Each of the lines from the one that contains "Measures: Height 27 Inches" to the end of the entries below should be output exactly.
[Data]
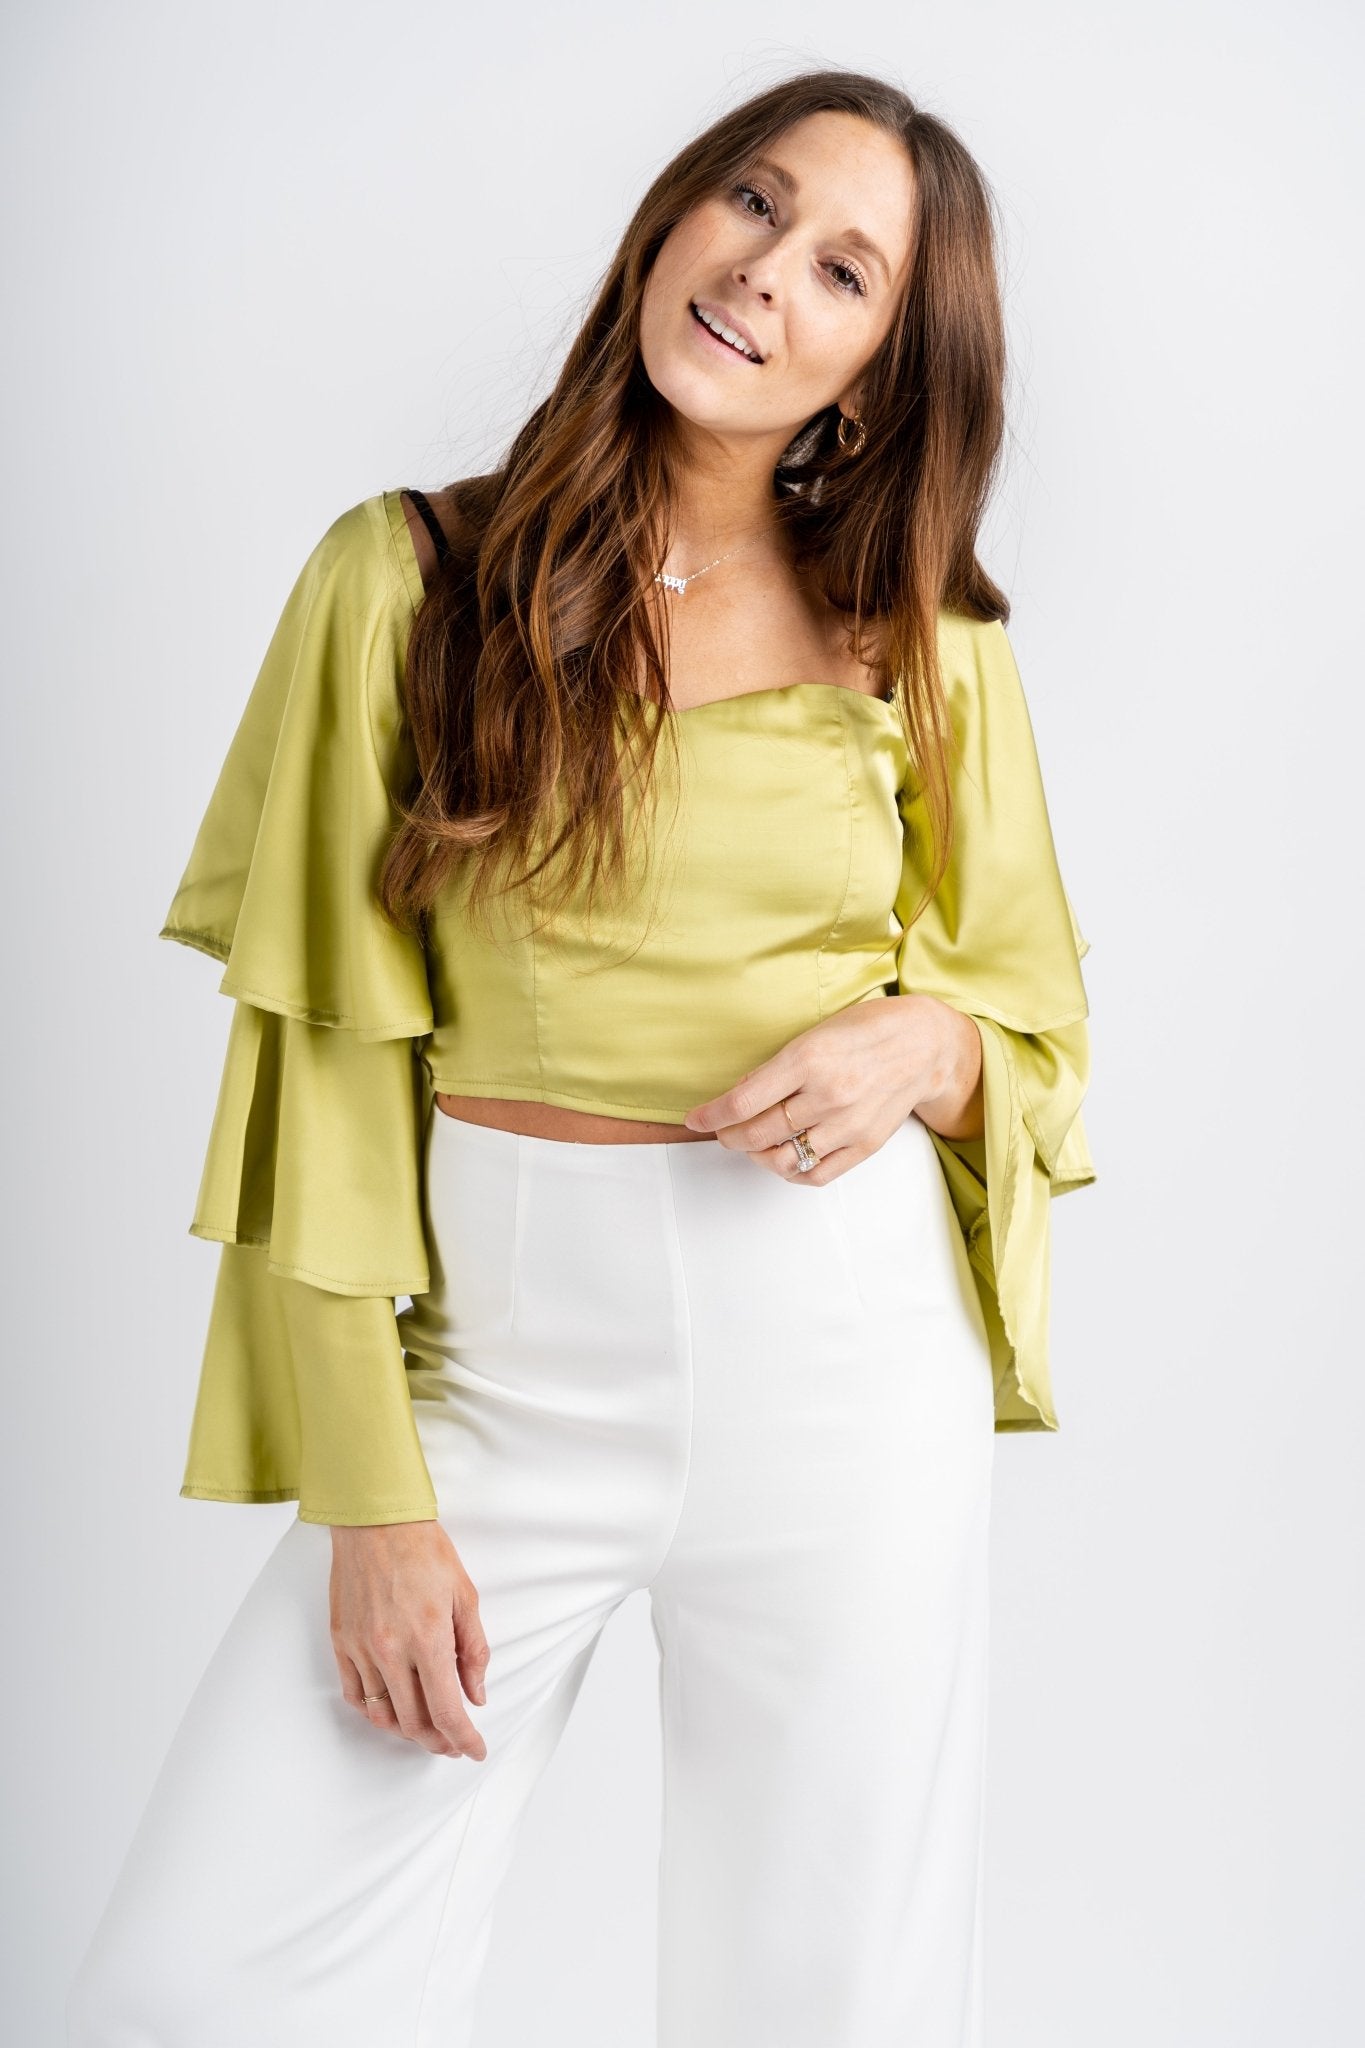 Trumpet sleeve crop top muted lime - Adorable Top - Stylish Vacation T-Shirts at Lush Fashion Lounge Boutique in Oklahoma City
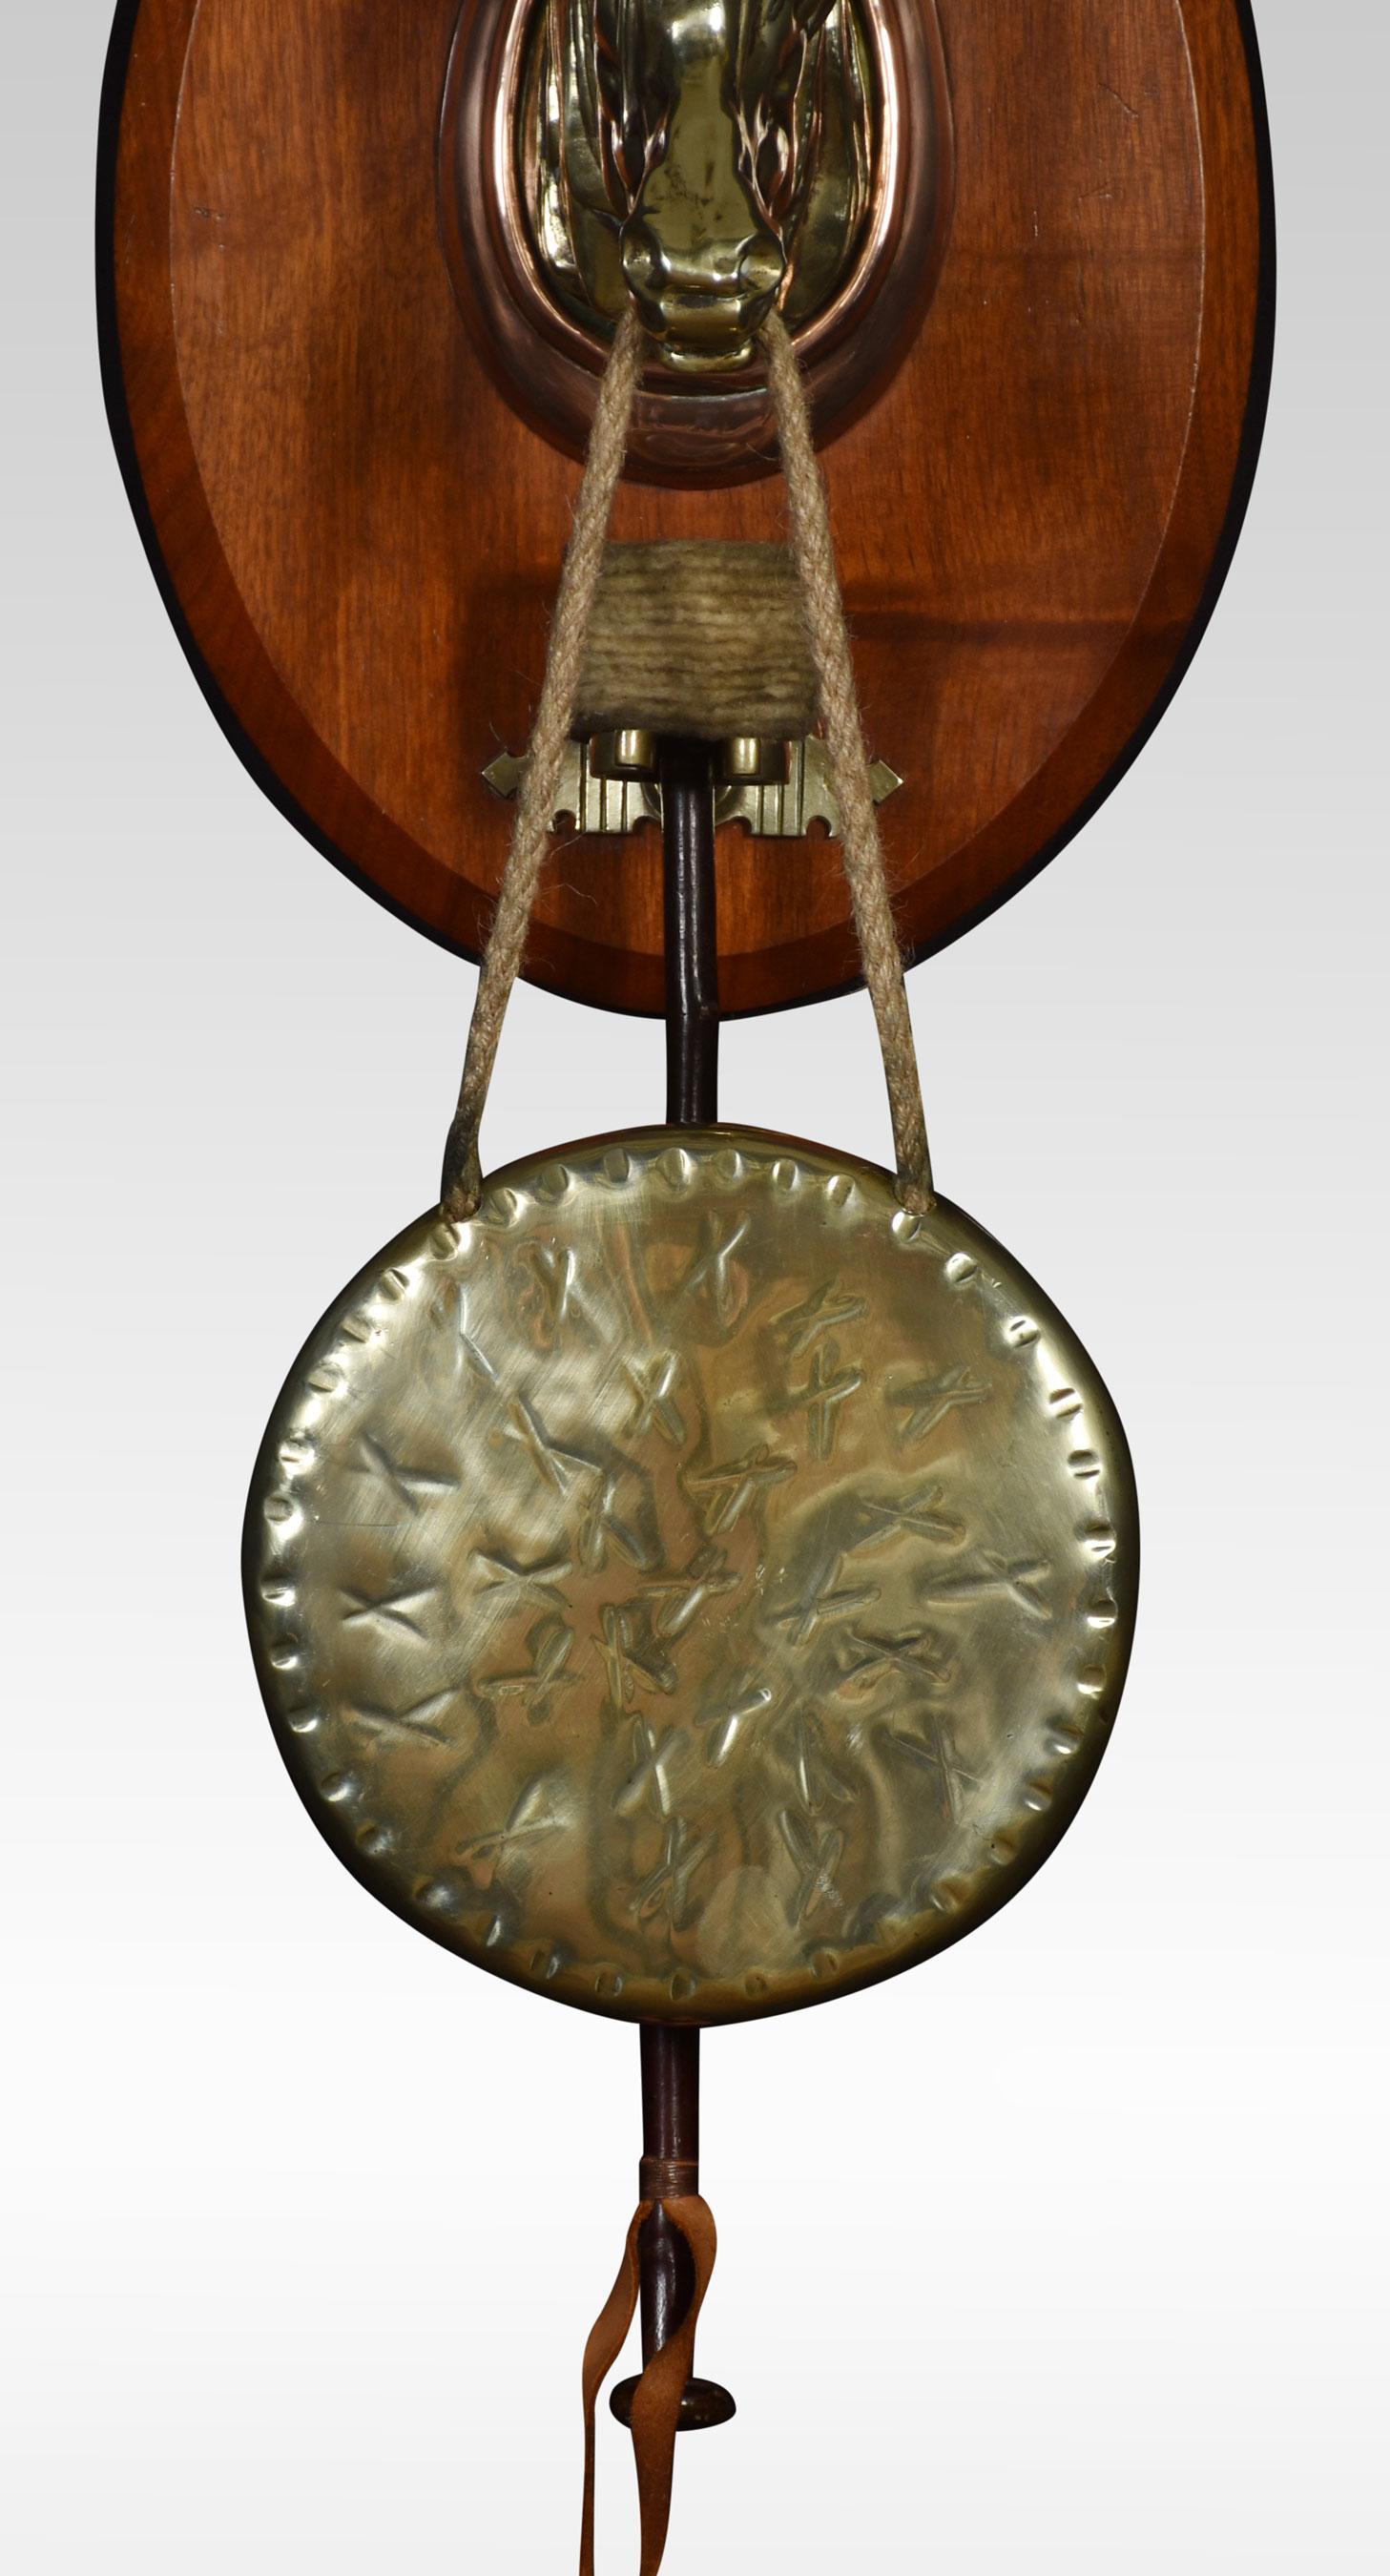 Wall hanging dinner gong, the mahogany backplate mounted with brass horse head supporting the circular gong. Together with a hammer.
Dimensions
Measures: Height 27 Inches
Width 10.5 Inches
Depth 7.5 Inches.
[/Data]
Answer for the task:
Measures: Height 27 Inches
Width 10.5 Inches
Depth 7.5 Inches.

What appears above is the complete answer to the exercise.